Además de impartir cursos y seminarios de sus especialidades, es autor de seis libros.
Agradecimientos
A los maestros Onisaburo Deguchi y Morihei Ueshiba, con infinita gratitud.
Capítulo 1: Vida del maestro Morihei Ueshiba, el genio creador del aikido
Morihei Ueshiba, el creador del aikido, nació en Tanabe, una pequeña villa rural al sur de Japón, el 14 de diciembre de 1883. Ya desde muy niño se había sentido muy atraído hacia el mundo espiritual y la comunión con la naturaleza, y aunque débil y enfermizo, se entregaba a largos periodos de entrenamiento y purificación inspirado por el ideal de los antiguos monjes-guerreros de las montañas, los célebres yamabushi. Tratando de imitar sus legendarias proezas se forzaba a largas marchas cargado con pesados sacos de arroz, se sumergía bajo las heladas cascadas, meditaba, ayunaba y oraba. Pasaba las noches en el bosque buscando el contacto íntimo con la Madre Naturaleza, con sus energías y fuerzas sutiles, con los seres visibles e invisibles que allí habitan.

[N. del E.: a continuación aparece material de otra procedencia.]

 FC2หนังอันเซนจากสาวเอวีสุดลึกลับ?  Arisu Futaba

Contemplaba extasiado los dramáticos cambios de las estaciones, presintiendo la existencia de una secreta inteligencia subyacente y, preso de un arrebato de amor por la naturaleza, trataba de imitar con su cuerpo la sustentadora fuerza de la tierra, la poderosa energía del viento, el eterno fluir del agua, la magnificencia transformadora del fuego y del poderoso sol, manantial de toda luz y de toda existencia. Presentía que en la belleza, la fuerza y la energía de los árboles hallábase oculto un plano secreto de la estructura oculta del ser humano, pues respiran, crecen y se expanden como nosotros y con potencia se enraízan hacia el suelo mientras se yerguen hacia el cielo buscando con intuitiva sabiduría la luz y la vida.

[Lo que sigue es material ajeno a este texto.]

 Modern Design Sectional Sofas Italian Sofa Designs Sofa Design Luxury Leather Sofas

Esgrimía su bokutoh (un pesado sable de madera) a los cuatro vientos trazando con sus gestos aun imprecisos la invisible geometría que intuía en la omnipresente espiral elíptica de las formas simples y naturales. Se unía así, escuchando la música muda de su propia alma, a la danza sempiterna y silenciosa de las estrellas, a los ritos y los ciclos de la vida, a la respiración contractiva y expansiva del cosmos, y sentía palpitar en su interior el ritmo de esa conciencia intangible y fuerza creadora invisible de la naturaleza, santa y venerada.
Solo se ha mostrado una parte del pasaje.